Gardner, 52, who worked as a field
representative and sales consultant for the Laidlaw
Corporation, was the kind of person who preferred to live by
example.
Many of Gardner’s co-workers from
Laidlaw visited him at home during his final days, including
Mike Achin, the company’s director.
“He was very eloquent about the end
of his life,” he said. “A lot of people might be in
a bad mood, feeling sorry for themselves, but he showed us how
to live out life to the end gracefully. He said he didn’t
want us to feel sorry for him. He might have been in a lot of
pain, but he said he has a great family and a lot of support
from his church and he had faith in where he’s
going.”
The gesture is appropriate, as Gardner
taught hundreds of cleaners how to sharpen their spotting
skills over the years.
Even before he became an instructor, he
was an advocate of drycleaning education and industry trade
affiliation.
After graduating from York Suburban High
School in 1972, he completed training at the American Institute
of Laundering (which became IFI) in Joliet, IL, in 1974.

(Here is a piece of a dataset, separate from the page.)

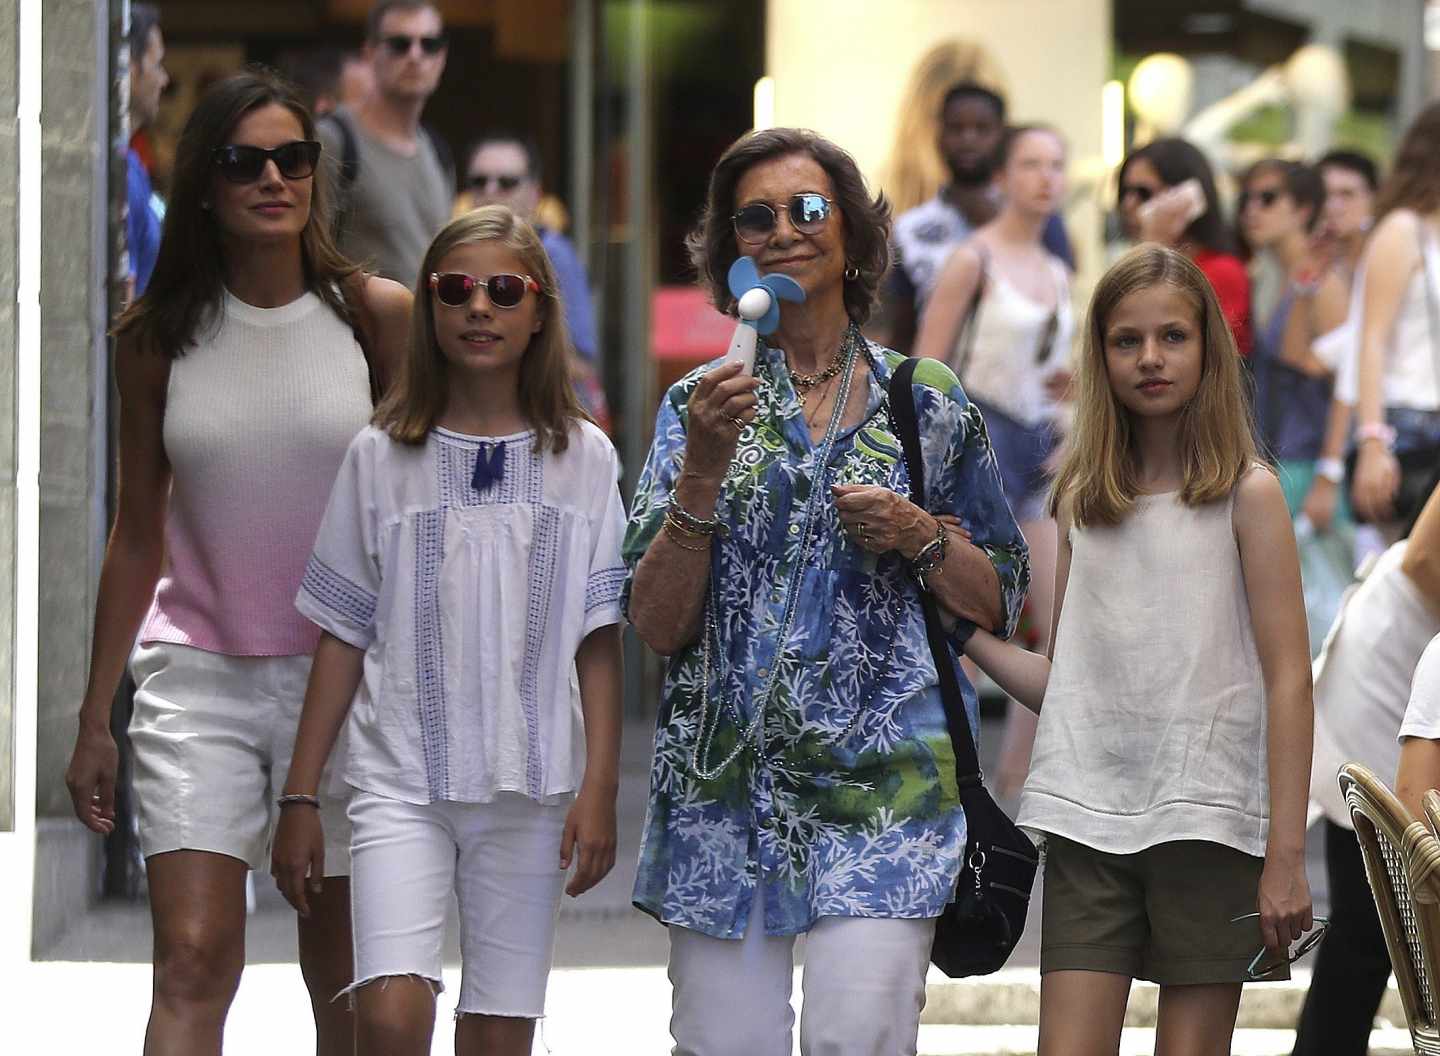 La reina Letizia, acompañada de sus hijas, la princesa Leonor y la infanta Sofía, junto a la reina Sofía, en el Mercado del Olivar de Palma de Mallorca, ciudad donde la familia real pasa sus vacaciones de verano.

Next, he worked alongside his father,
James, at the family’s plant, Schmuck’s Cleaners,
in York, PA. He bought the business in 1991.
Six years later, he sold the company and
started working for Laidlaw as a field representative. At that
time, he deeply enjoyed giving help to cleaners located in
Pennsylvania, Ohio, Maryland, Delaware, and Virginia, which
certainly gave his cars’ odometers a healthy workout.
“I averaged about 50–60,000
miles a year,” he said during a recent interview with
IFI. “We went through cars, that’s for sure. In my
travels, I’ve been able to tell an IFI cleaner from a
non-IFI cleaner pretty easily.”
According to Gardner, the non-IFI
cleaners were the ones who were reluctant to organize their
spotting board chemicals and keep up with the changing times.
Gardner, on the other hand, constantly
tried to keep current with the industry’s technology and
events. In fact, he recently recertified as an IFI trainer so
that anyone who participated in one of his spotting seminars
would earn points toward Award of Excellence certifications.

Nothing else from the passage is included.